The Jewish Federation of Greater Dayton was asked help find a way to maximize an opportunity when people of many different backgrounds were already coming together. “We opted to host a dinner for all the concert’s participants on the evening of one of their rehearsals and invite a speaker to discuss her experiences working to improve the world by collaborating with diverse coalitions of people,” says Rabbi Ari Ballaban. “We invited Desiré Bennett, a United State of Woman ambassador, who has worked with the Cincinnati YWCA and was instrumental in forming the Cincinnati Regional Coalition Against Hate.”
Singers weigh in
Anna Biesecker-Mast, a first-year student in UD’s Discover Arts program, says rehearsing with other choirs has increased her anticipation of the upcoming event. “At the rehearsal, we were encouraged to sit next to someone from other choir and doing that enlivened and inspired my singing in new ways,” she says. “There I was in the basement of St. Mary’s Catholic Church, surrounded by people I had never met and I knew nothing of their lives. Yet we were still able to come together and sing beautiful songs about doing just that. It was a lovely and memorable experience.”
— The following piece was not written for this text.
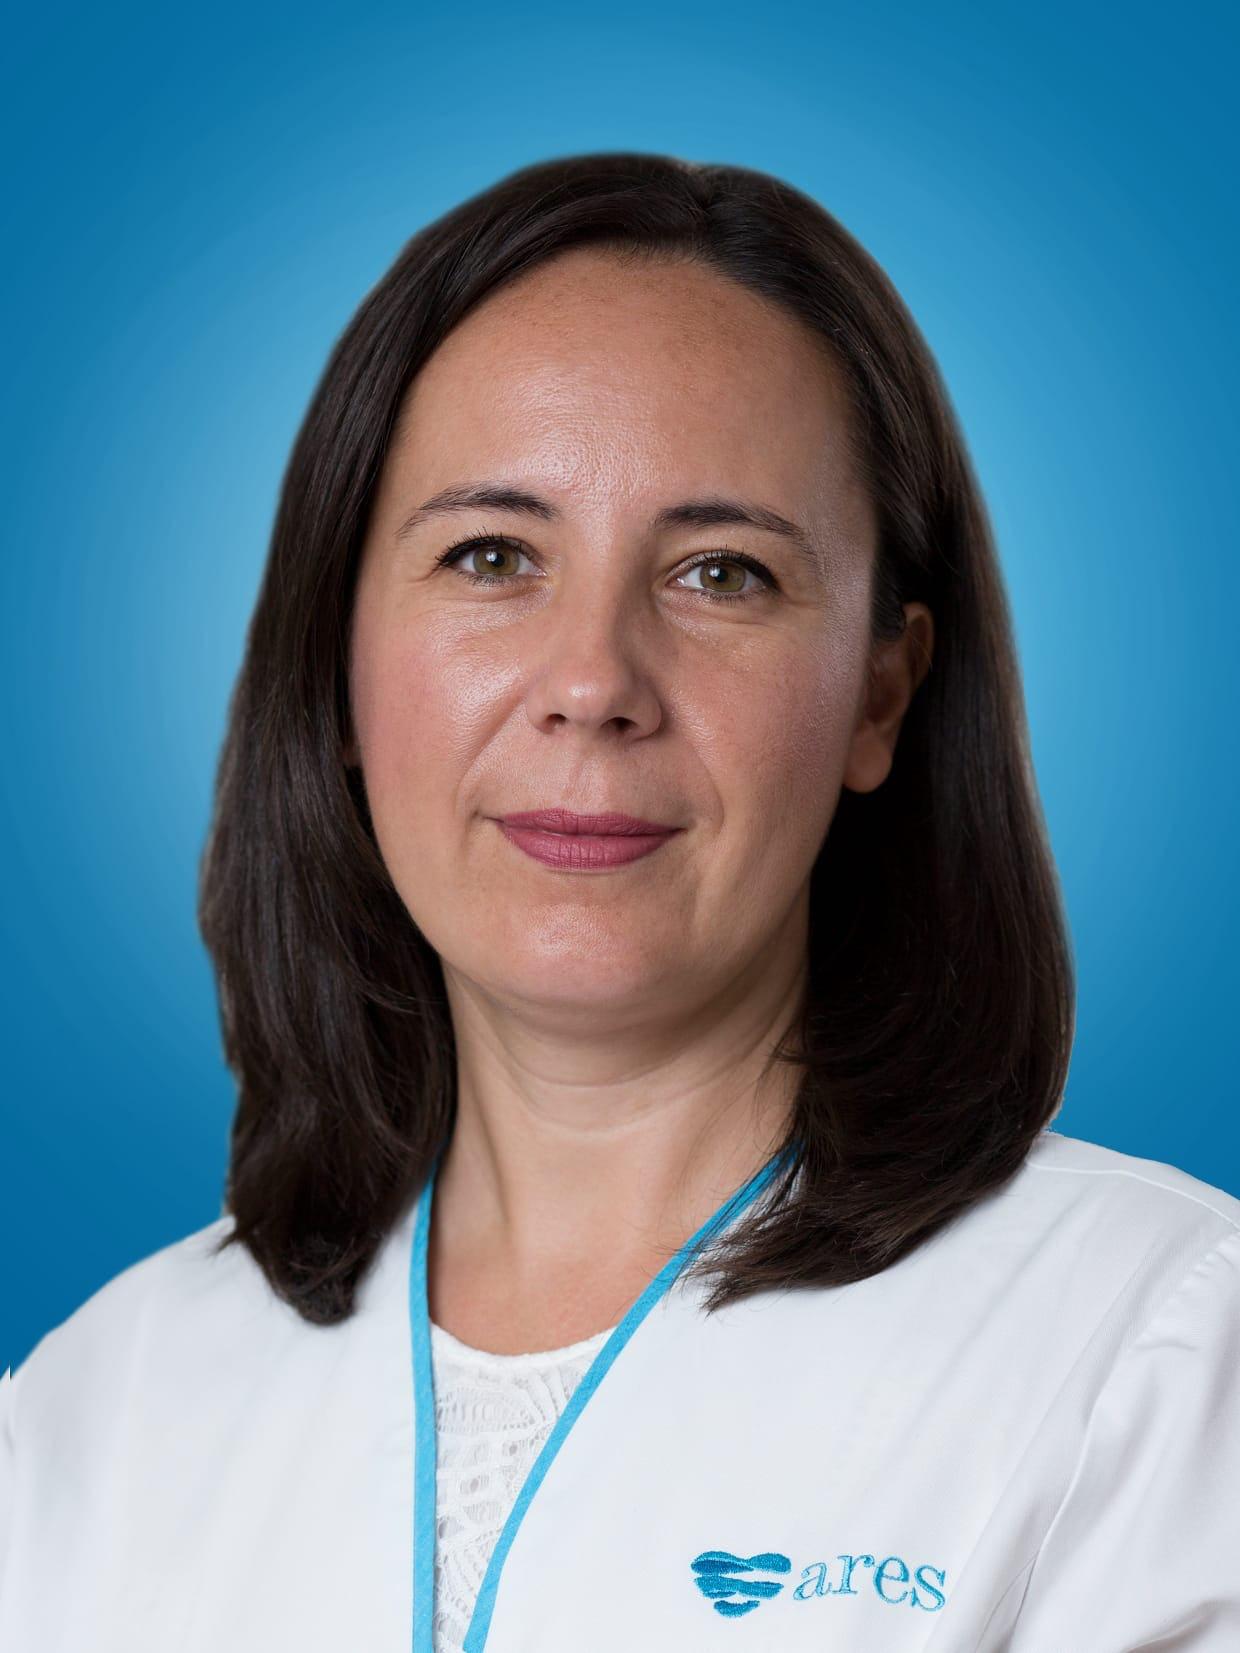 Doctor Alexandra Postu, medic primar cardiolog la Centrele Ares

Greenberg says the project has been a wonderful opportunity for her and the other the members of her chorale to get to know others in our community who share a common love for music. “Our world is a mess right now, with acts of hatred and bigotry happening on a nearly daily basis around the world,” she says. “I see this musical collaboration as a glimmer of hope for the future of humanity. The more we can learn from one another and respect each other’s differences, the better chance there is for us to make a positive impact in this crazy world in which we live.”